Determining the coverage of the user field may include generating the test communication message while increasing a value of the user field, and then sending the test communication message to the fuzzing target system, determining a maximum value of the user field depending on whether an error is present in a response message to the test communication message that has been sent to the fuzzing target system, generating the test communication message while decreasing the value of the user field, and then sensing the test communication message to the fuzzing target system, and determining a minimum value of the user field depending on whether an error is present in a response message to the test communication message that has been sent to the fuzzing target system.
The program may further perform generating a fuzzing communication message to be sent to the fuzzing target system based on the generated protocol data model.

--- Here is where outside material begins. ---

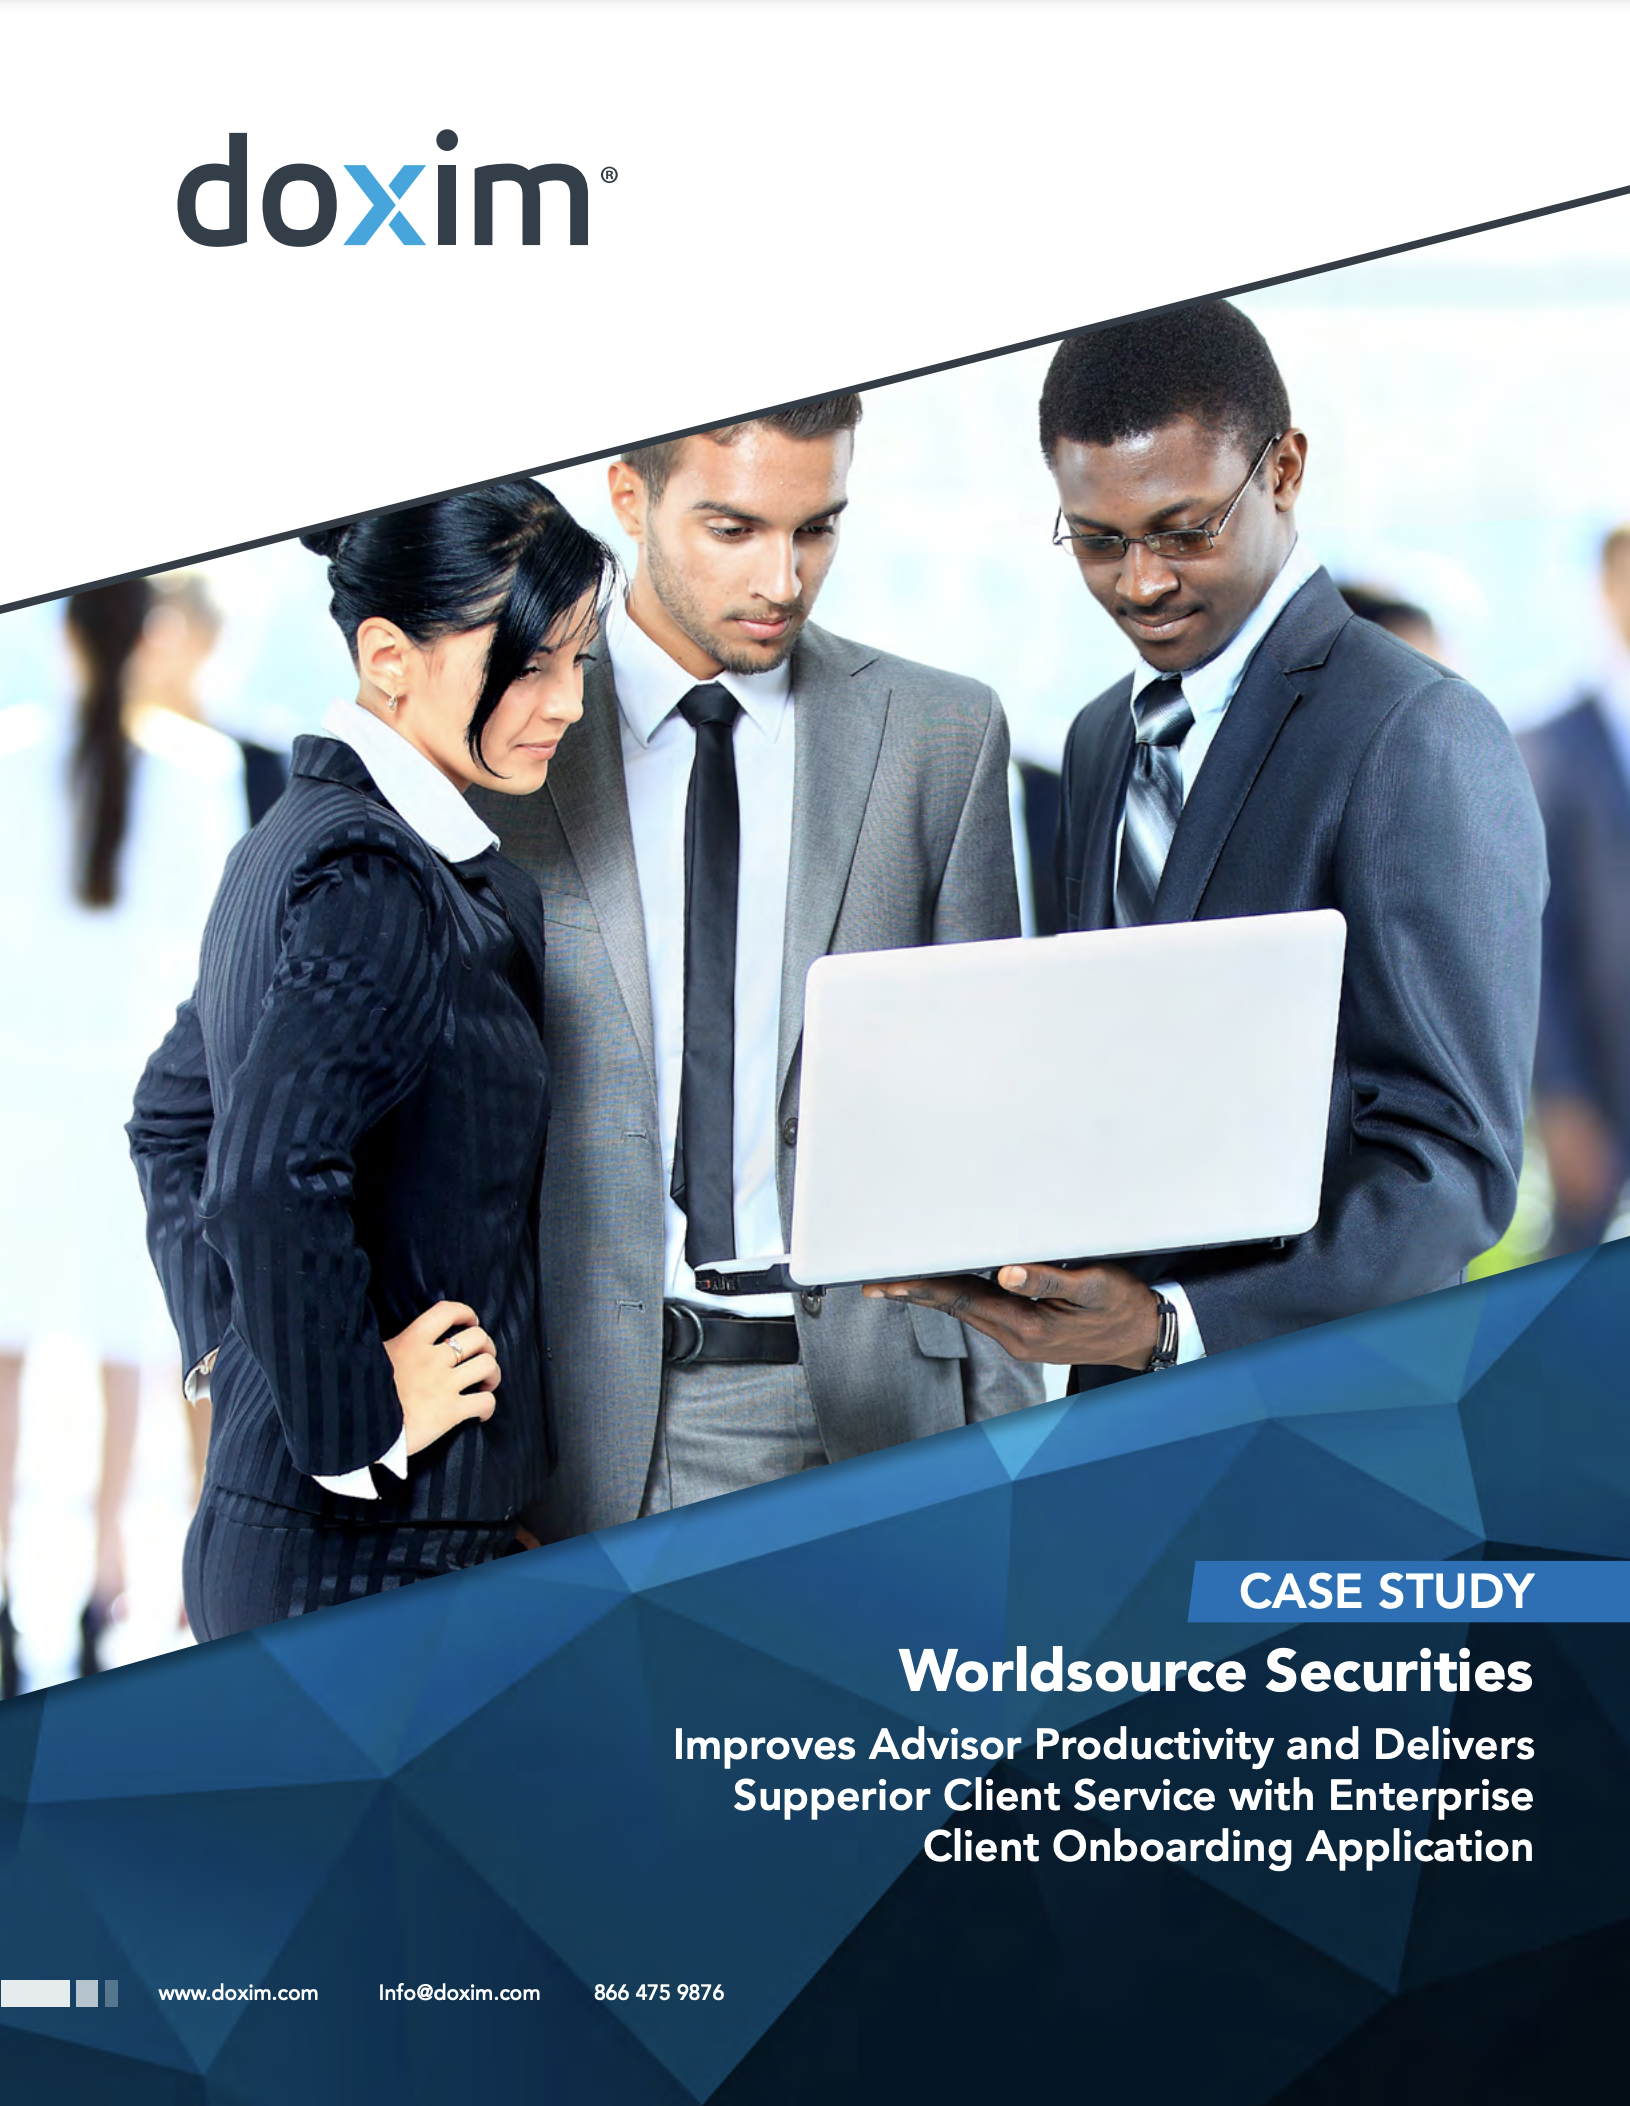 Case study: Worldsource Securities Improves Advisor Productivity and Delivers Supperior Client Service with Enterprise Client Onboarding Application

In accordance with a further aspect of the present invention to accomplish the above object, there is provided a fuzzing preprocessing method for automating smart network fuzzing, including collecting communication message samples that are sent by a fuzzing target client to a fuzzing target system, comparing the collected communication message samples with each other, and then identifying sizes and types of fields of a fuzzing target protocol, determining a property of a protocol field value classified as one of a text property, a binary property, an integer (Int) property, and a floating-point number (Float) property with reference to ASCII code, sending a test communication message, generated while increasing or decreasing a value of a user field, to the fuzzing target system, and thereafter determining a coverage of the user field based on whether an error is present in a response message from the fuzzing target system, storing a fuzzing protocol data model having a field number, a field type, a field size, a field value property, and a field value of the fuzzing target protocol, as elements, and generating a fuzzing communication message to be sent to the fuzzing target system based on the stored puzzling protocol data model.
Collecting the communication message samples may include requesting the fuzzing target client to send a communication message including specific user data to the fuzzing target system, and thereafter collecting a first sample message, requesting the fuzzing target client to send a communication message including user data identical to the specific user data to the fuzzing target system, and thereafter collecting a second sample message, and requesting the fuzzing target client to send a communication message including user data different from the specific user data to the fuzzing target system, and thereafter collecting a third sample message, identifying the sizes and the types of the fields of the fuzzing target protocol may be configured to determine a time point at which the sizes of the fields are to be measured depending on whether lengths of the first sample message and the third sample message are different from each other, and each of the types of the fields of the fuzzing target protocol may be identified as a constant field in which a fixed value is set, a user field in which a variable value is set, a sequence number field in which a sequence number of a corresponding message is set, a counter field in which lengths of fields are set, or a checksum field in which checksum data of the fields is set, based on results of comparative analysis of the first to third sample messages.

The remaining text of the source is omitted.